2012-08-24 Thread Smith, Dale
Hi Mark,

 

Just for everyone else's info, Machine Learning uses Octave. I took the
opportunity to learn a bit of Octave and got credit for the course. I
liked the lectures myself and learned a lot. It was paced well for
people with jobs and I also found the projects to be interesting and a
bit challenging. I worked hard on parallelizing all of my code - I
didn't use for loops unless absolutely necessary. Additionally, all the
grading was automated. An Octave script is used to manage the
submissions, and was pass/fail.

 

I understand that there were enrollees from every country except North
Korea. I wonder how people in emerging countries will use their new
knowledge?

 

I'm looking forward to the Computing for Data Analysis course, which
uses R. Another course, Data Analysis (using R as well), seems to build
on Peng's course.

 

https://www.coursera.org/#course/dataanalysis

 

I would say investigate, enroll, and un-enroll if you aren't interested.
That's the beauty of the system - it's free, and these aren't college
credits. If you choose to get the certificate, turn it over to your
employer.

 

And as a (hopefully) future university instructor, I found that this
experience opened my mind to online learning. Faculty could

* Ask students to enroll online after the first day of on-campus
class (and provide evidence of enrollment).

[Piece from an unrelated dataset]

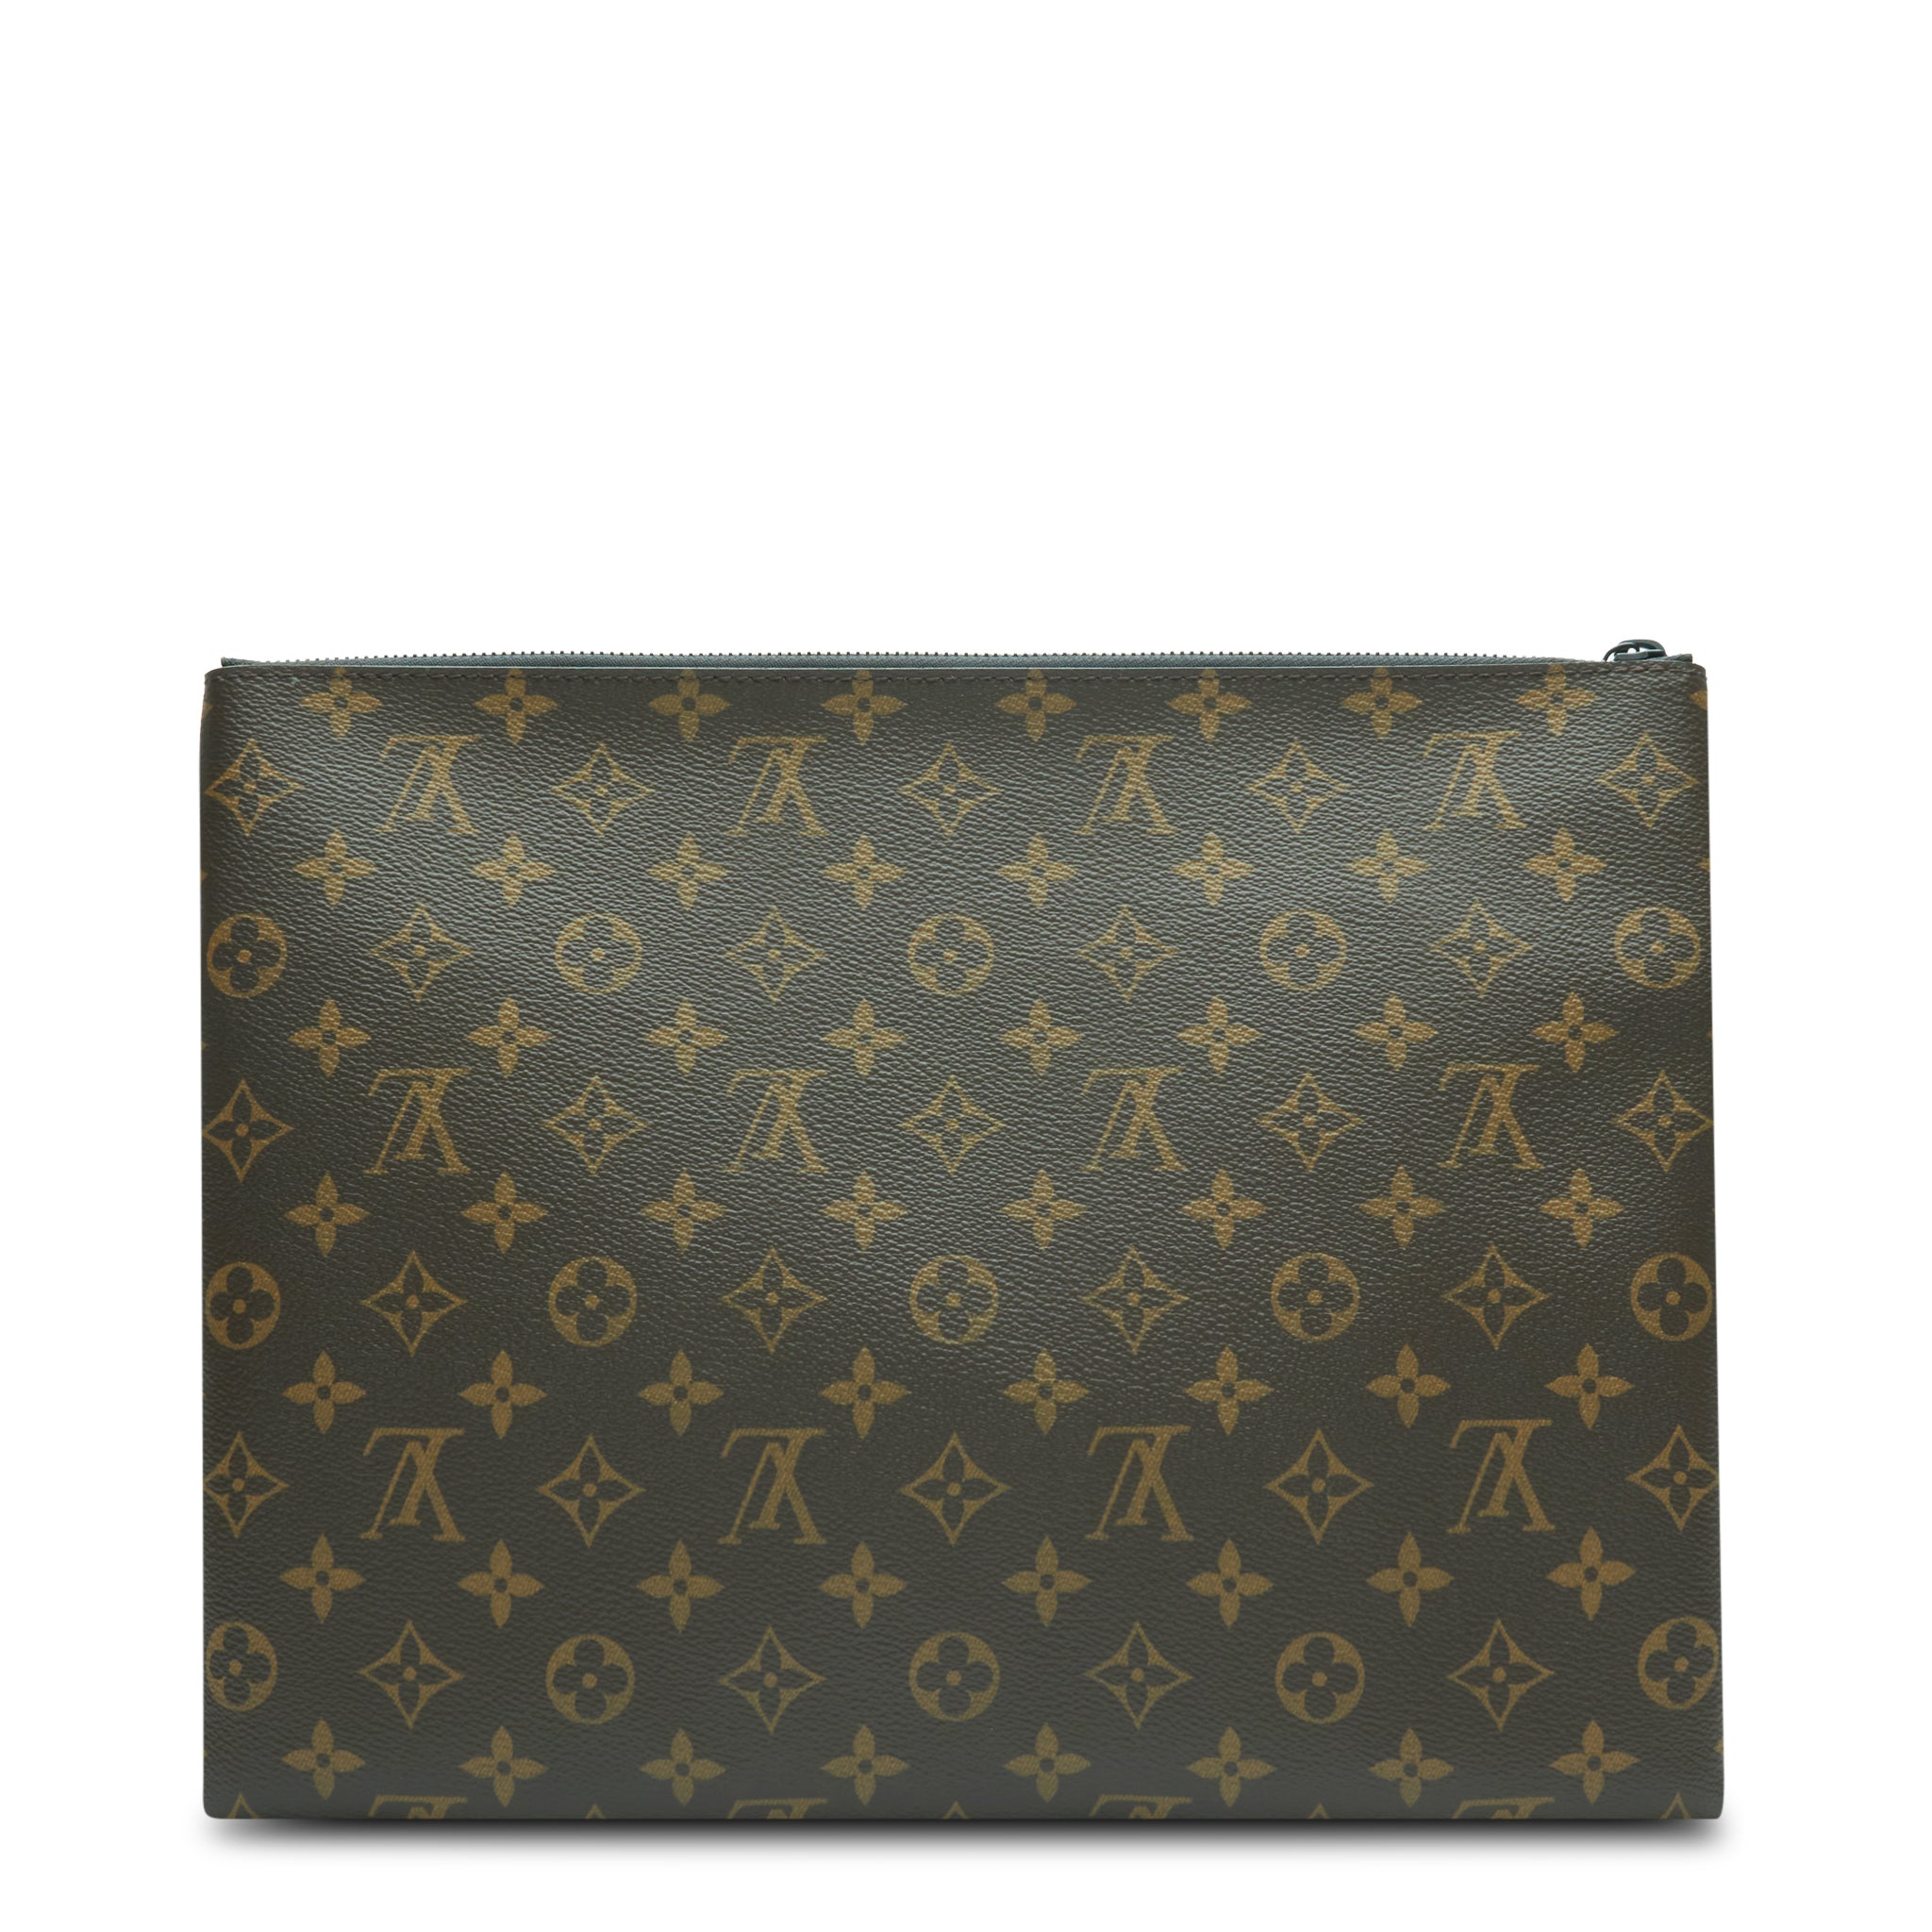 Back view of Louis Vuitton Monogram A4 Pouch Brown M44484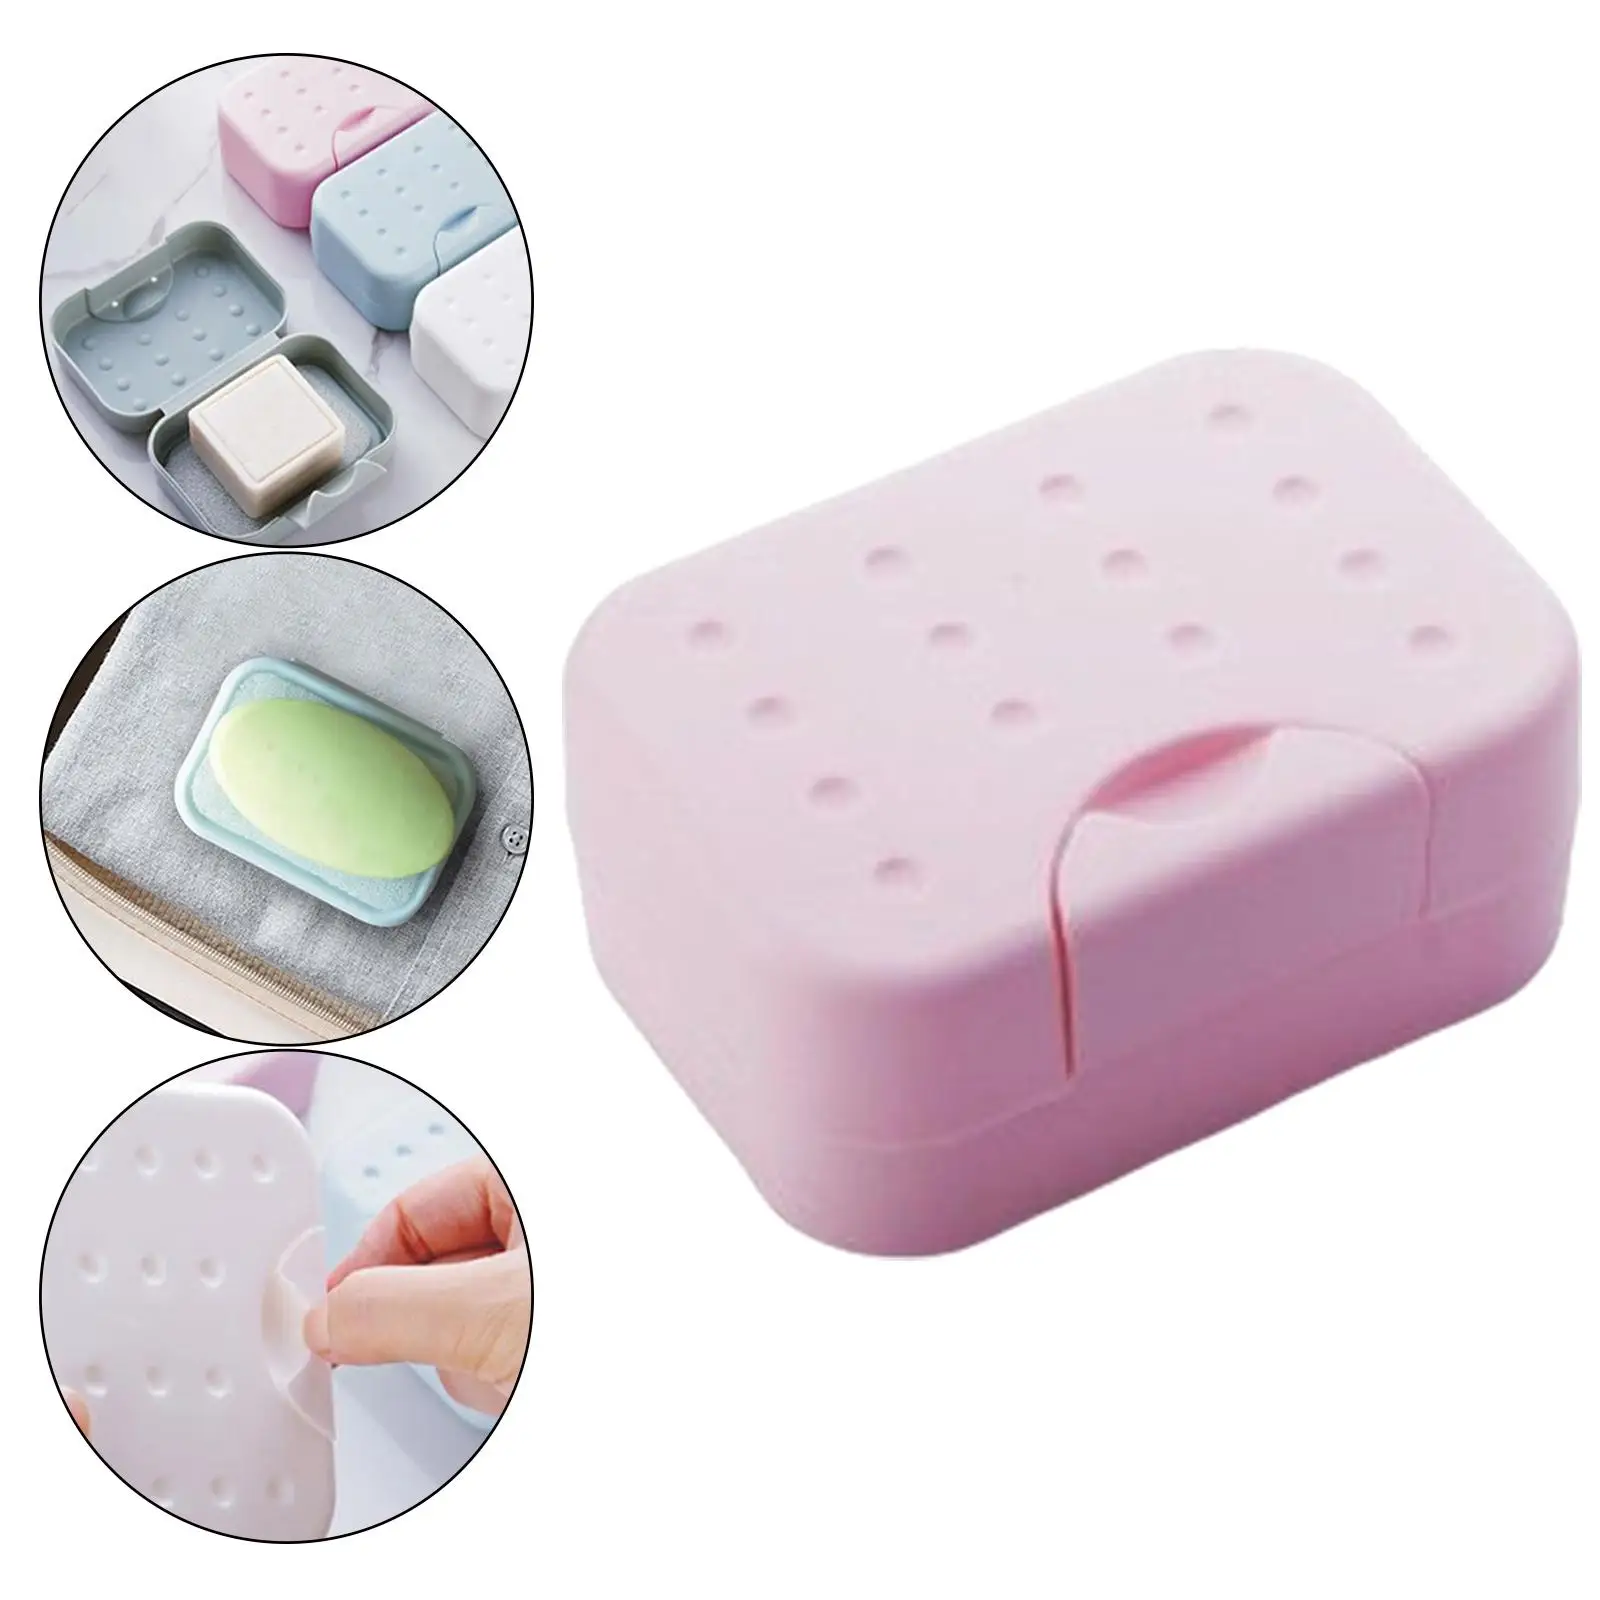 Portable Travel Soap Box Case Dish Container Soap Bar Holder for Hiking Bathroom Gym with Sponge Saver Sealed Waterproof

* Meet with the class twice a week for discussions, go over the
lectures, and help with learning Octave/R/etc.

* Students provide the instructor with screenshots to show they
have completed the work, and submit their work for independent review by
the instructor.

* To obtain full college credit, students then complete a
project of their own, using what they have learned in the course along
with Octave/R/etc.

Any college without the resources to add data analysis, computing with
data, machine learning, or other such courses should consider this as a
cost-effective way of expanding their offerings.

 

Thanks,

Dale Smith, Ph.D.

Senior Financial Quantitative Analyst

Risk & Compliance

Fiserv.

107 Technology Park

Norcross, GA 30092

Office: 678-375-5315

Mail: dale.sm...@fiserv.com

www.fiserv.com <http://www.fiserv.com/> 

 

 

On Fri, Aug 24, 2012 at 7:43 AM, Smith, Dale 
wrote:

I searched the third quarter archives for any mention of this, and
didn't find anything. So here goes. Eric Zivot is using R in the course.



https://www.coursera.org/#course/compfinance



I highly recommend Coursera. I took Machine Learning this past spring
and highly recommend it and other courses. Alas, I can't sign up as I'm
signed up for Computing for Data Analysis (another course using R).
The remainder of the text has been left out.